Simon Pummell is a British filmmaker currently based in Amsterdam in The Netherlands, best known for directing Bodysong (2003) a documentary feature film that portrays the human life-cycle through archive footage from across a century of moving image creation.

He studied Film & Television in the animation department at the Royal College of Art.

==Career==

Early in his career Pummell made animated films for UK television produced by Keith Griffiths, producer of the animators the Brothers Quay. One of these films Secret Joy of Falling Angels won the Grand Prix at the Oberhausen Film Festival in 1992. In this period Pummell also made two films for the rock band Queen - a special video album for the release of Made In Heaven. The clip Heaven For Everyone was an early documentary portrait of the cyborg body-artist Stelarc. The Queen video album Made In Heaven was produced by Janine Marmot for the British Film Institute. Pummell and Marmot subsequently formed a company together Hot Property Films.

Bodysong (2003) is a transmedia project that included a research project to trace as much individual information and as many narratives as possible about every individual event and person portrayed in the many hundreds of archival footage clips used. In 2004 the project won an interactive BAFTA and a BIFA for best feature documentary. The Ivor Novello Award nominated soundtrack is notable as being the first film soundtrack written by Jonny Greenwood of Radiohead. Paul Thomas Anderson championed the film, and went on to work with Greenwood on the Oscar-winning feature There Will Be Blood. William Gibson has written an essay on the film for the British Film Institute 2010 DVD re-issue of the film.

Having taught for several years at Harvard University VES as a Visiting Professor, Pummell was a Harvard Film Study Center Fellow in 2008-2009.

His second feature film Shock Head Soul (2011) was a feature-length documentary biopic depicting the insanity and Outsider Art autobiography of Daniel Paul Schreber. It premiered in Venice International Film Festival 2011. An associated gallery exhibition has been shown with the film in Rotterdam International Film Festival and Melbourne International Film Festival, as well as M HKA museum of Modern Art Belgium.
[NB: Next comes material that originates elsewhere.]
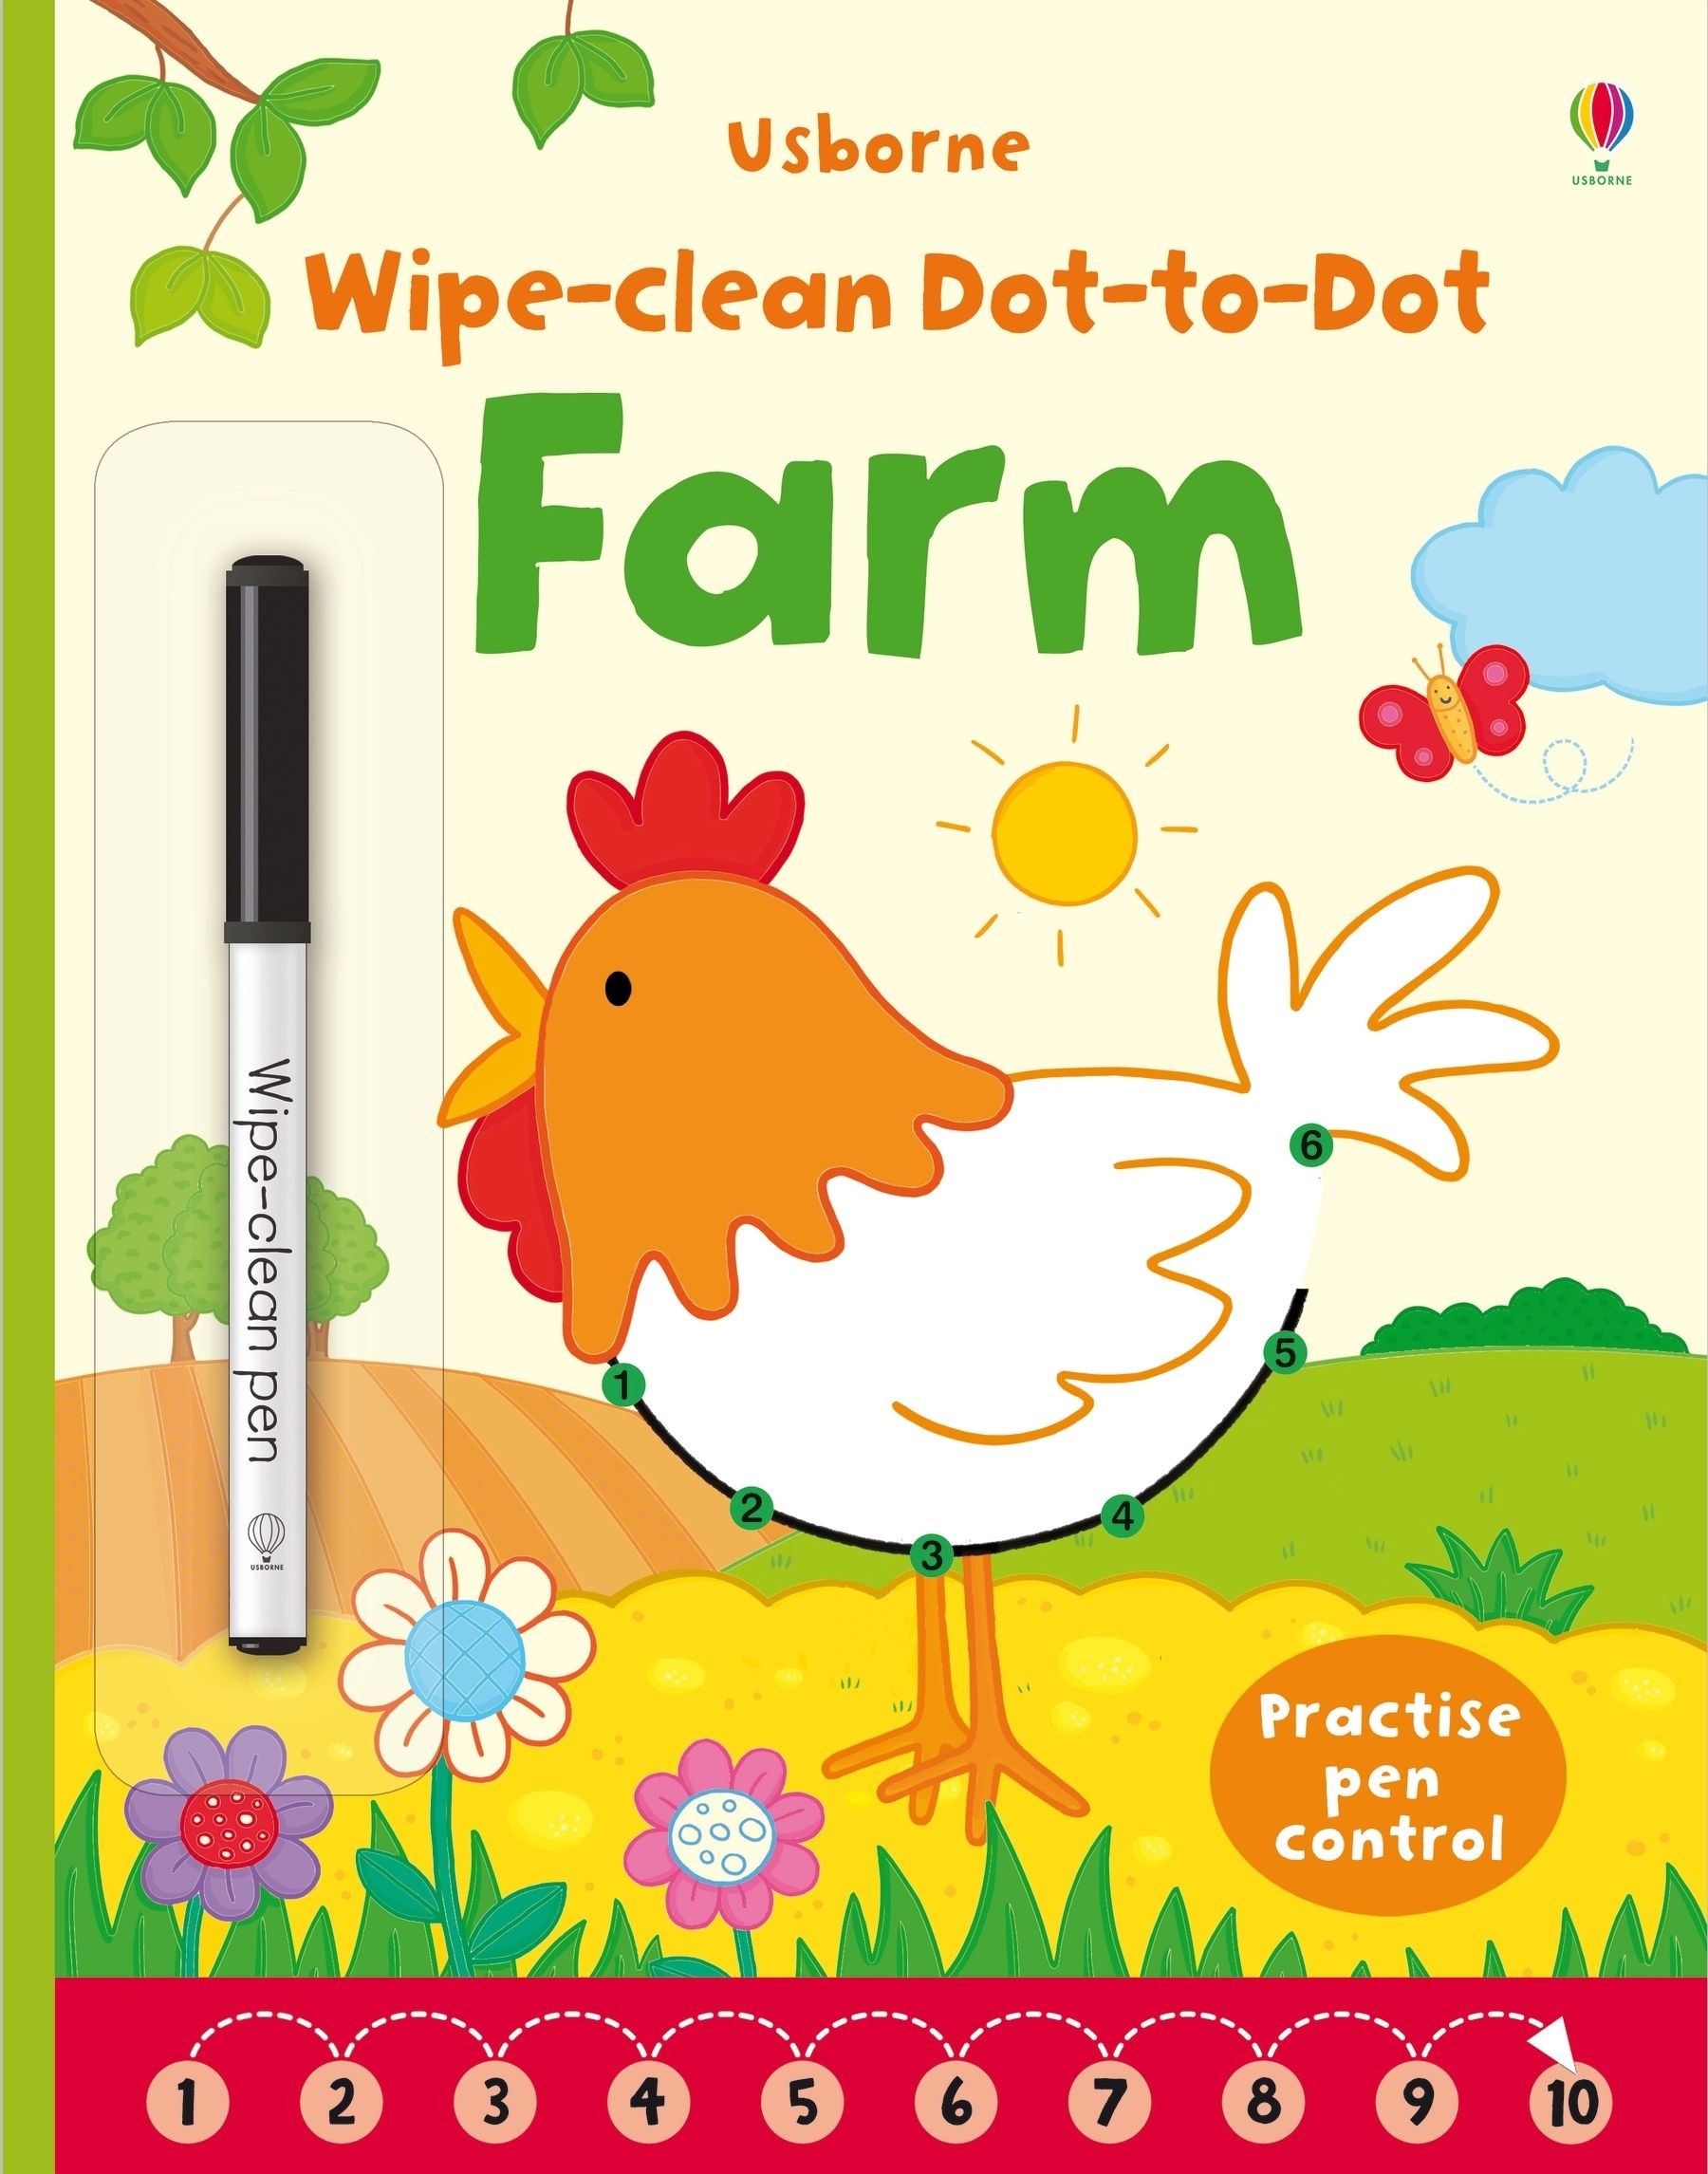 Wipe-clean Dot-to-dot Farm
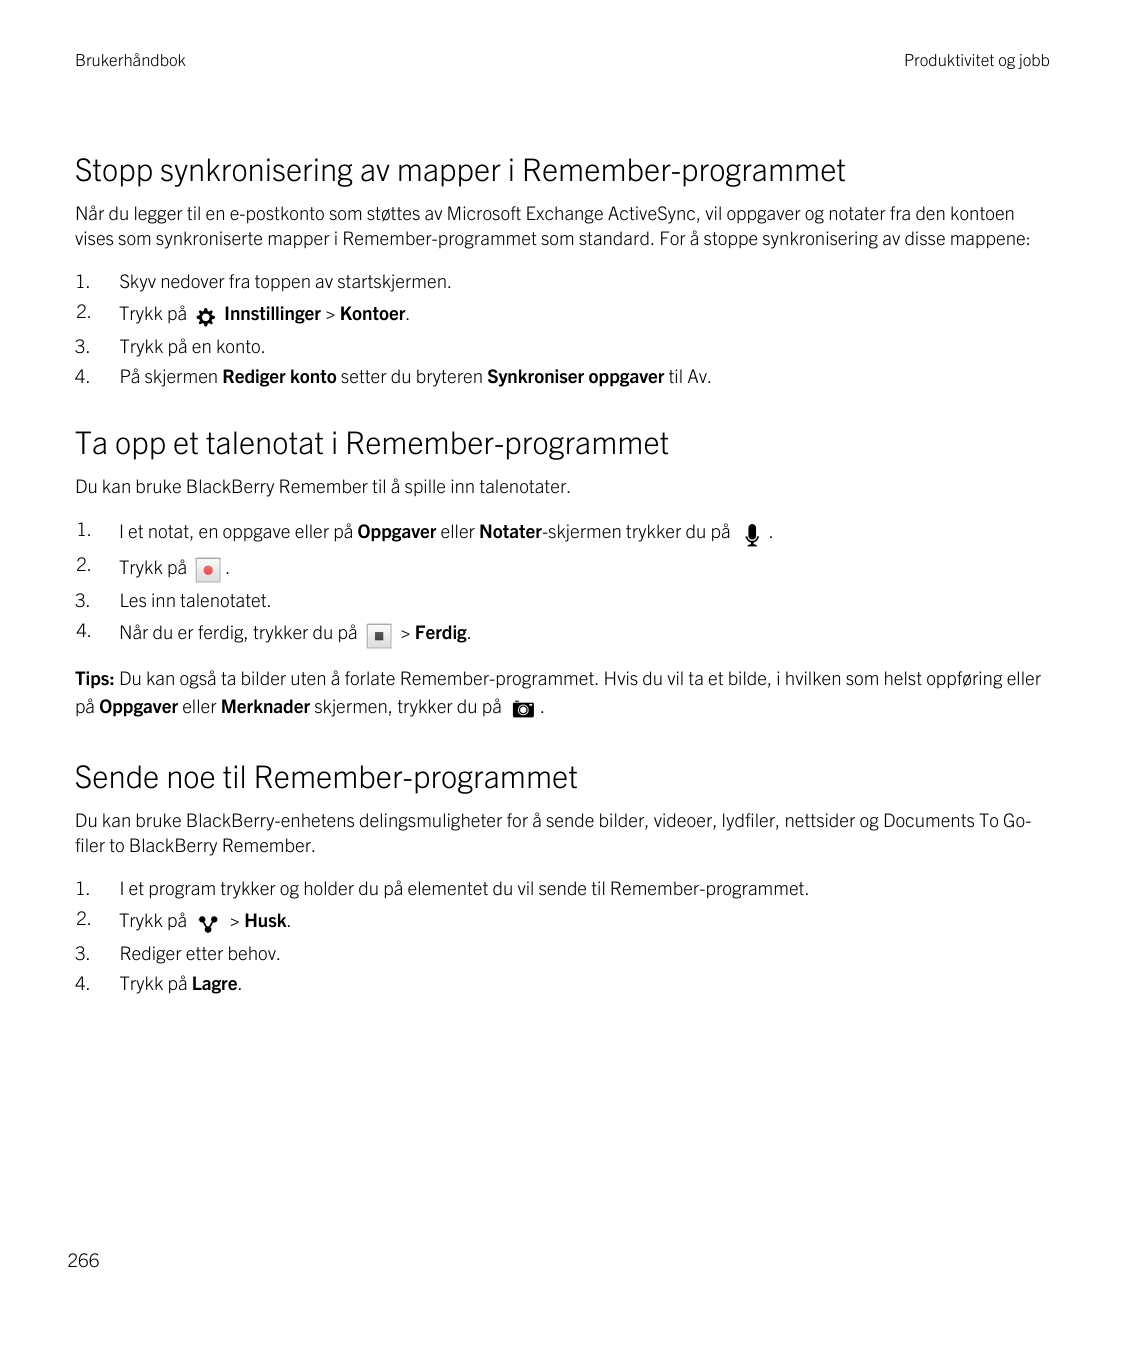 BrukerhåndbokProduktivitet og jobbStopp synkronisering av mapper i Remember-programmetNår du legger til en e-postkonto som støtt

He is a course director of the Master of Arts in Fine Art and Design: Lens-Based Media programme at the Piet Zwart Institute, Willem de Kooning Academy, Rotterdam.

==Filmography==

===Features===
- Brand New-U (2015)
- Shock Head Soul (Documentary) (2011)
- Bodysong (Documentary) (2003)

===Shorts===
- Blinded by Light (2004)
- Stop for a Minute (2001)
- How Long is a Minute? (2001)
- Ray Gun Fun (1998)
- Queen: Made in Heaven (1997)
- Butcher's Hook (1995)
- Evolution (1995)
- Heart-ache (1995)
- Rose Red (1994)
- The Temptation of Sainthood (1993)
- Secret Joy of Falling Angels (1991)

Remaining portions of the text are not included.